■ **DATASET EXTRACT**
#####

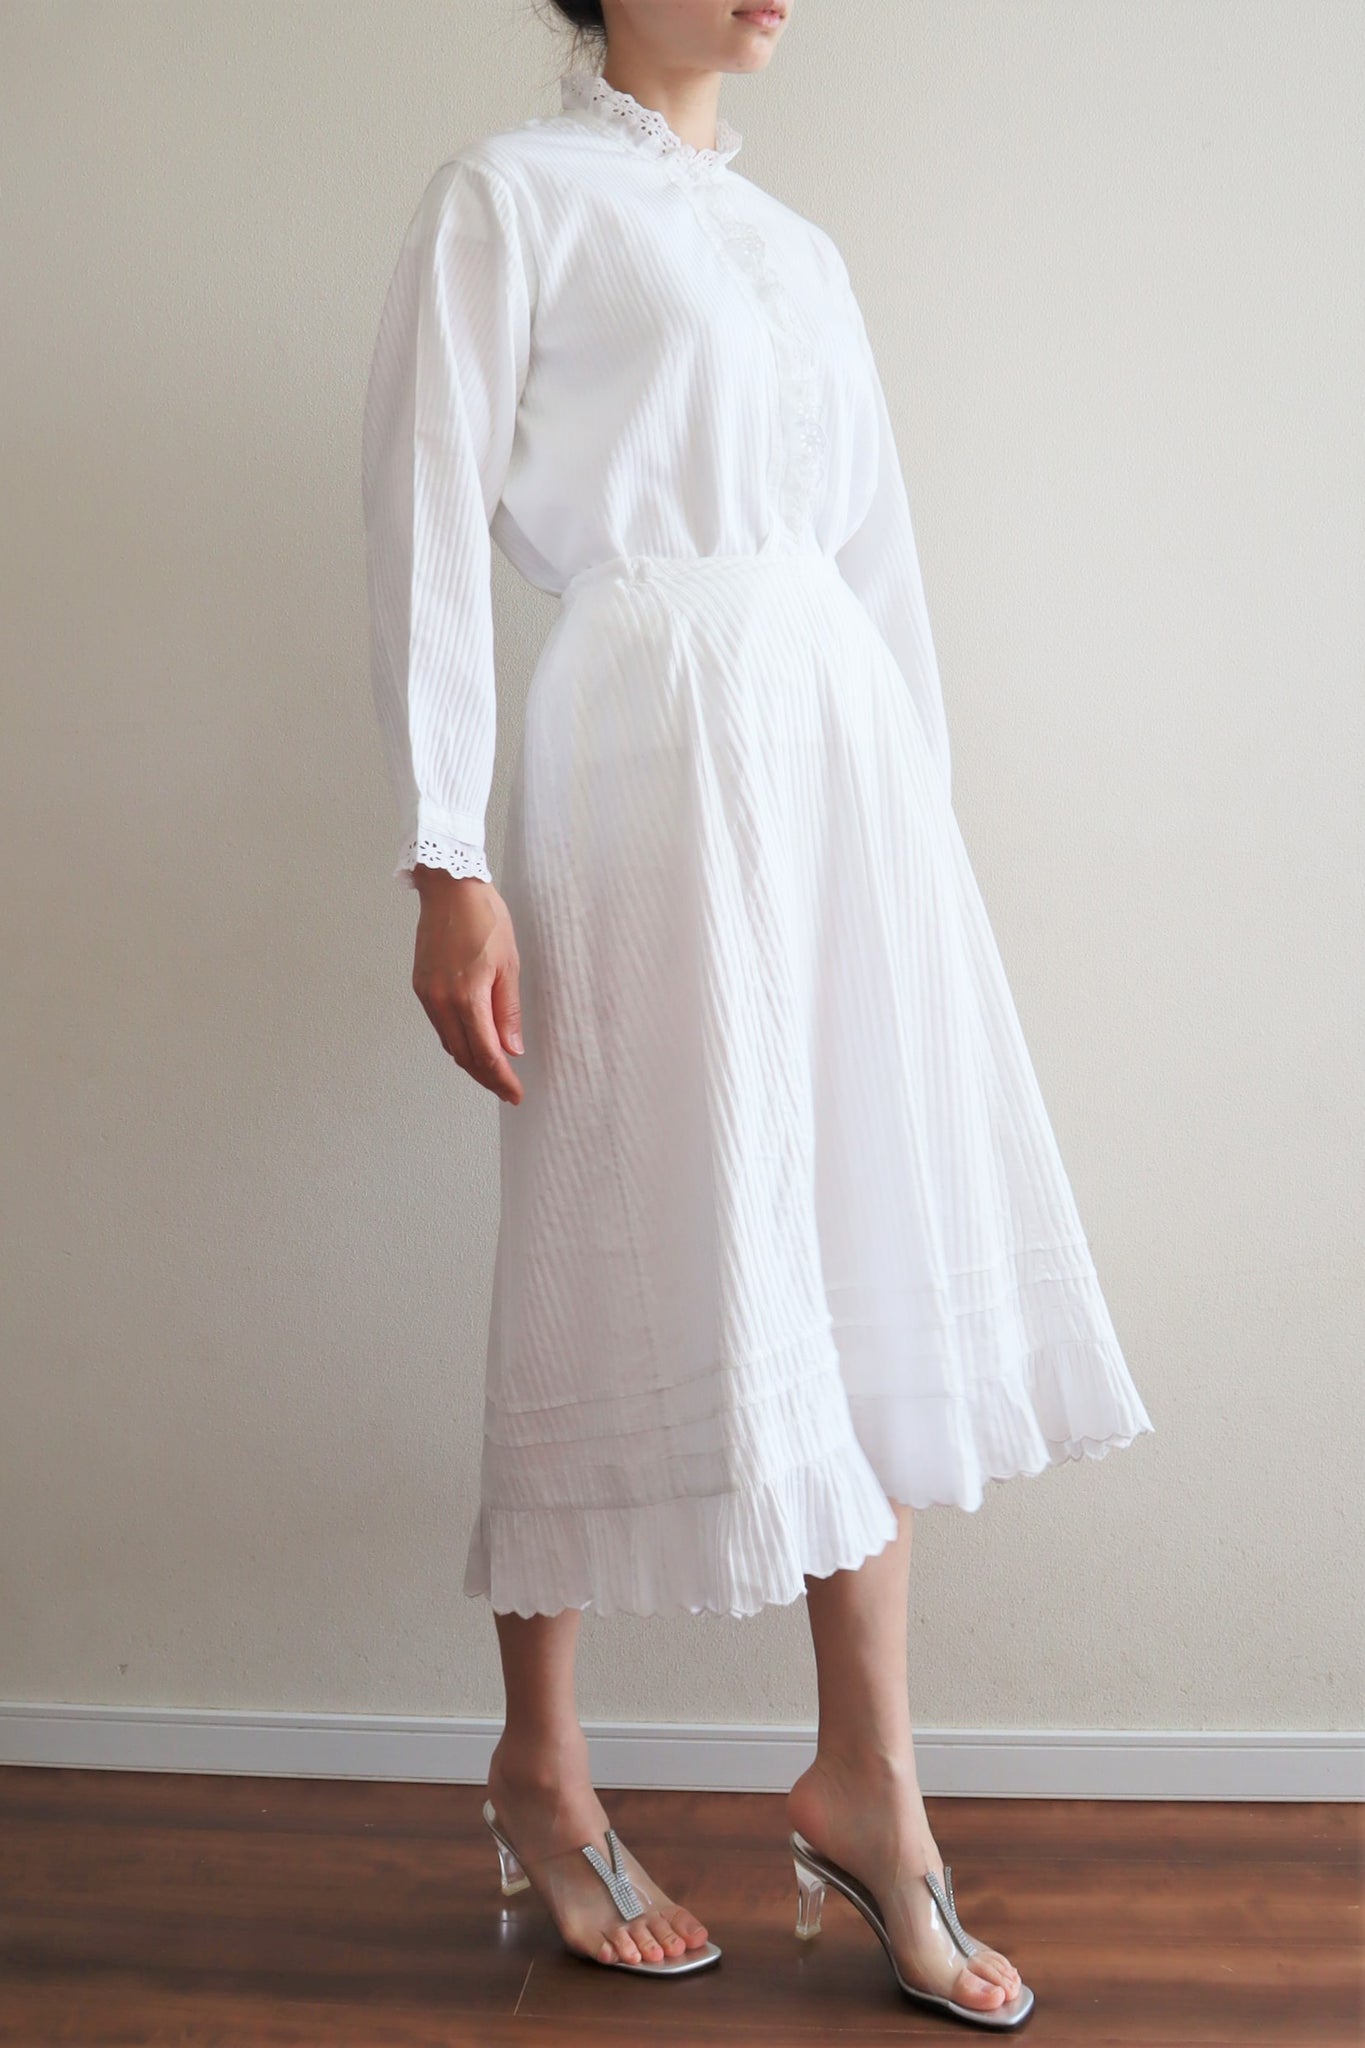 1920s French Soft Cotton Petticoat Skirt
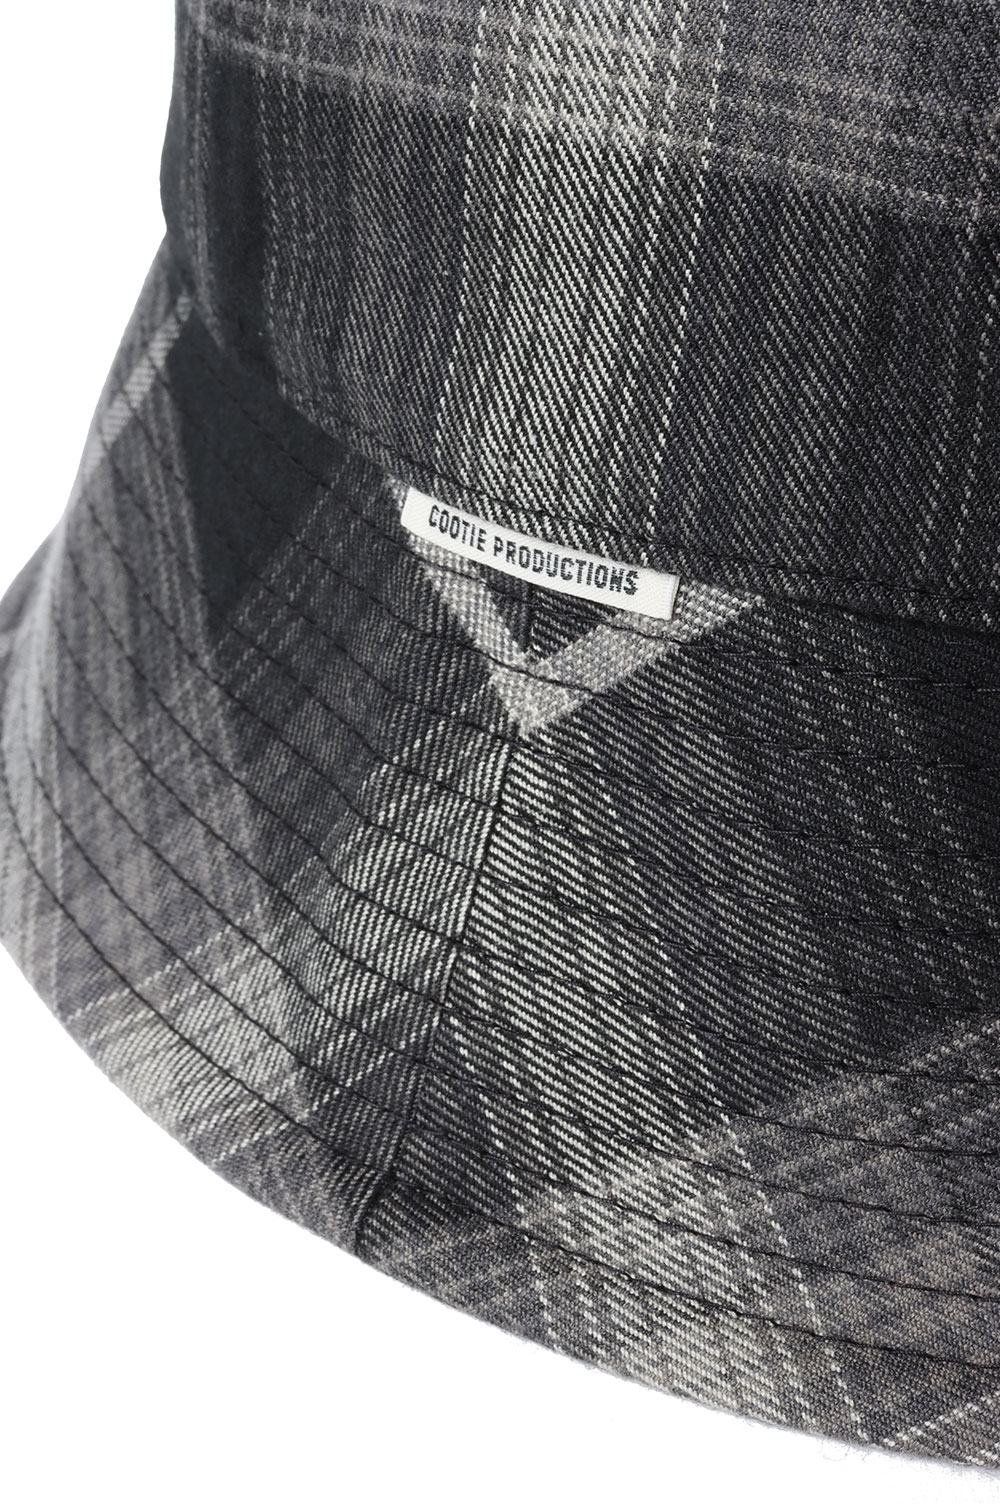 R/C Ombre Check Ball Hat(CTE-23S509)-Black- | セレクトショップ
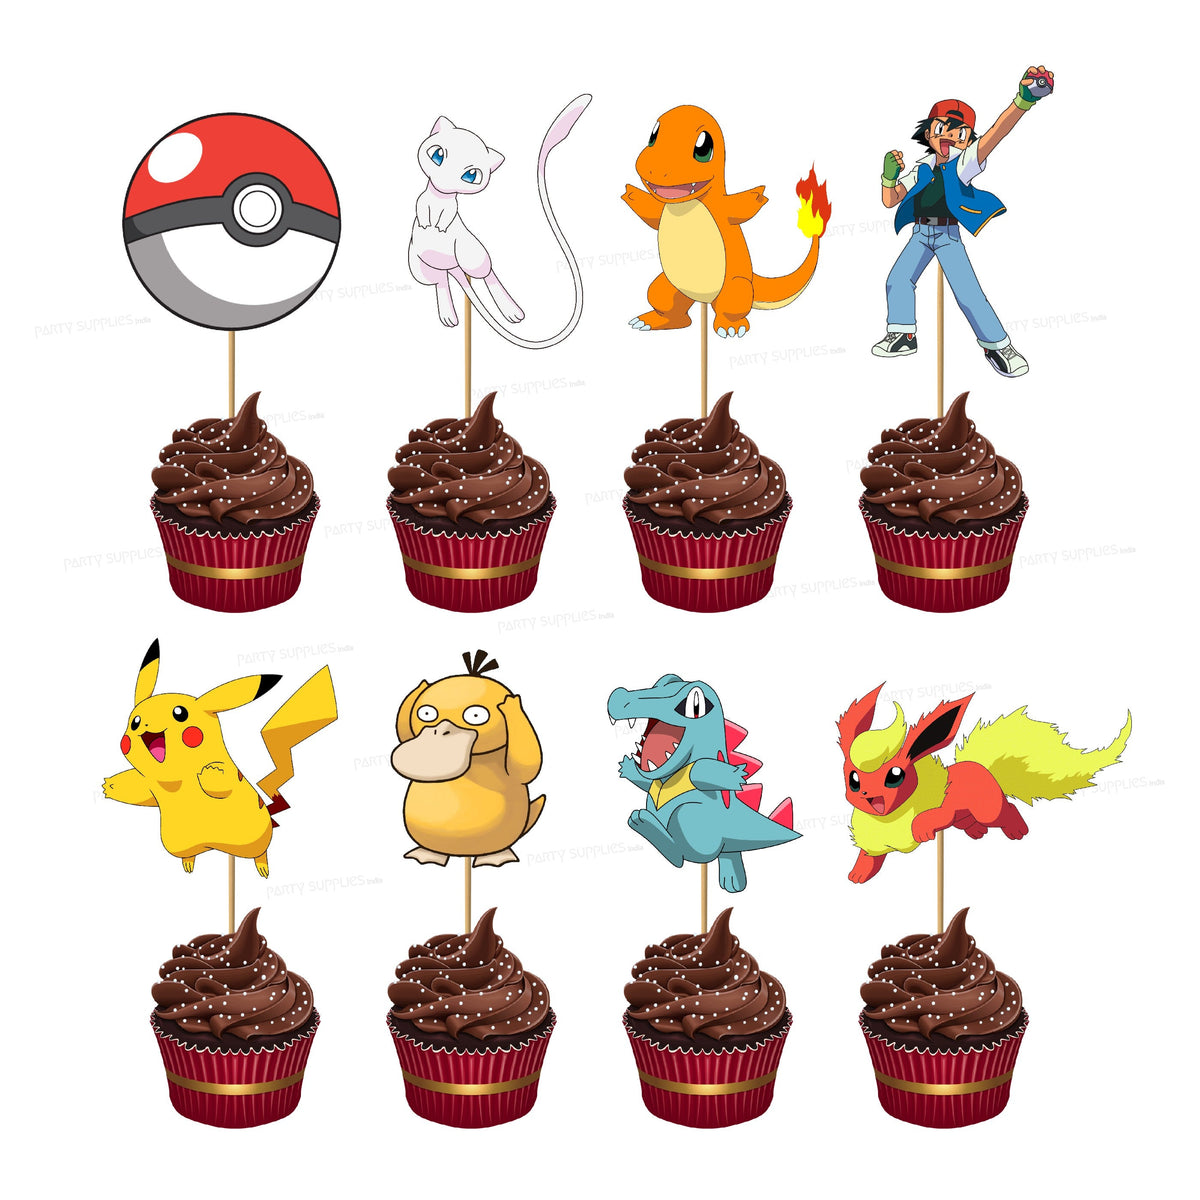 PSI Pokemon Personalized  Theme Cup Cake Topper

#####

■ **TASK STATEMENT**
Starting with the line that contains "R/C Ombre Check", print every line through the end of the data exactly as written; omit all pictures and add nothing else.

■ **WRITTEN ANSWER**
 R/C Ombre Check Ball Hat(CTE-23S509)-Black- | セレクトショップ
 PSI Pokemon Personalized  Theme Cup Cake Topper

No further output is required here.